Now, how does it work? InterProScan takes a protein sequence (or nucleic, see below) and it tries to match it against each of the motif registered in its database. In fact, as motifs are registered in different formats, it launches several programs (blastprodom, fprintscan, hamap, and others: see full list below) that will compute the pattern matching. InterProScan then integrate all the results returned by each program to construct a full list of known motifs found in the input sequence.

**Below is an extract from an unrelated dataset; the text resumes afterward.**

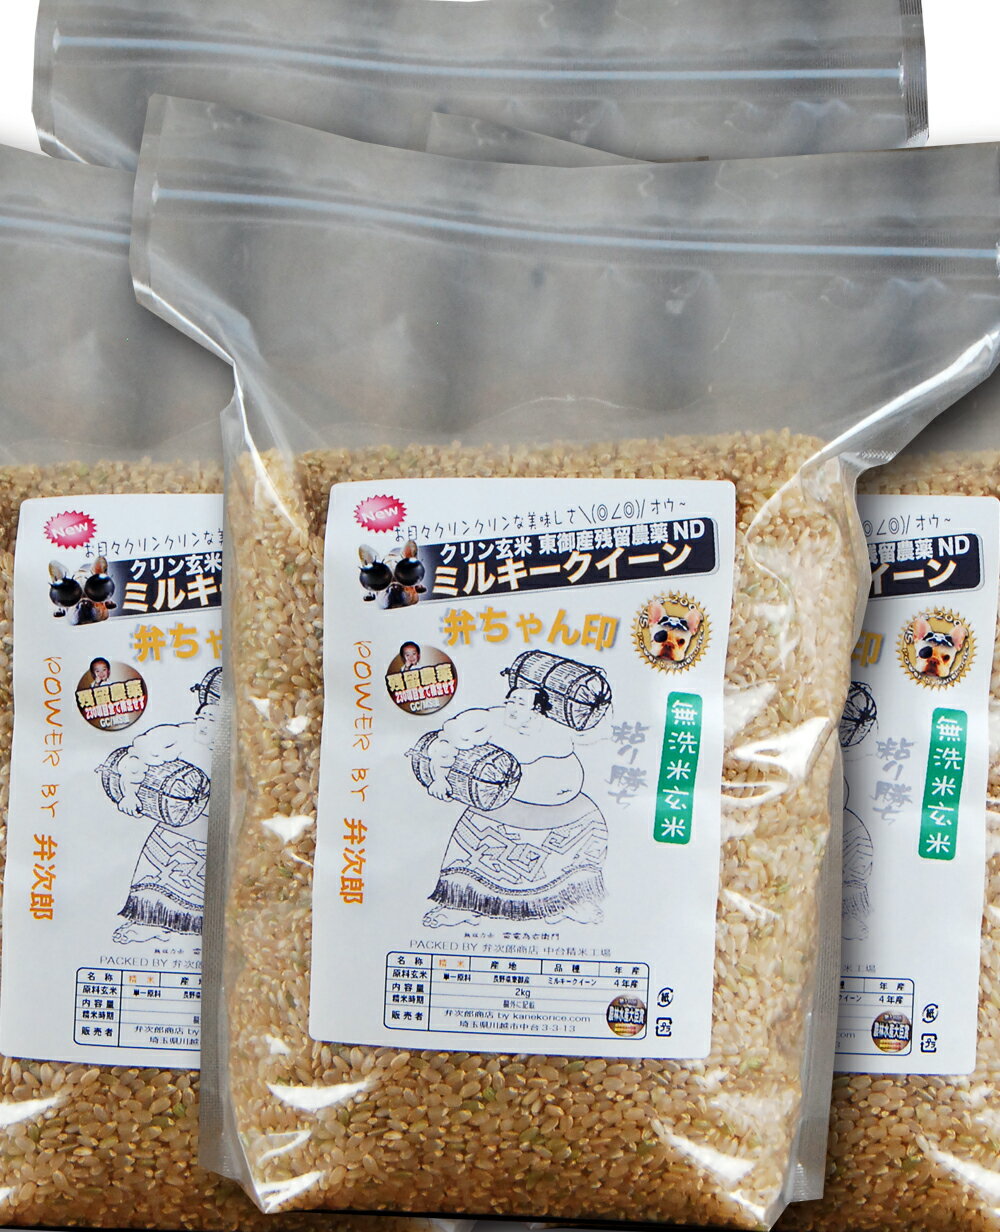 無洗米玄米 クリン玄米 長野東御産 残留農薬ゼロ ミルキークイーン スタンドパック 8kg(2kg×4袋)

Each motif is returned with the corresponding identifier in the InterPro member database. To be clearer: you can get for example the motif with id PF01623 from Pfam database.

If you enable the InterPro lookup, you can also get the InterPro identifier corresponding to the same motif: for example, the same motif is known as PF01623 in Pfam and as IPR002568 in InterPro.

InterProScan also offers the possibility to automatically retrieve the Gene Ontology terms associated to each motifs found in the input sequence. This eases the interpretation of the results. For example, for the motif IPR002568, the GO term GO:0003676 is returned. This term means that the found motif is related to the nucleic acid binding function.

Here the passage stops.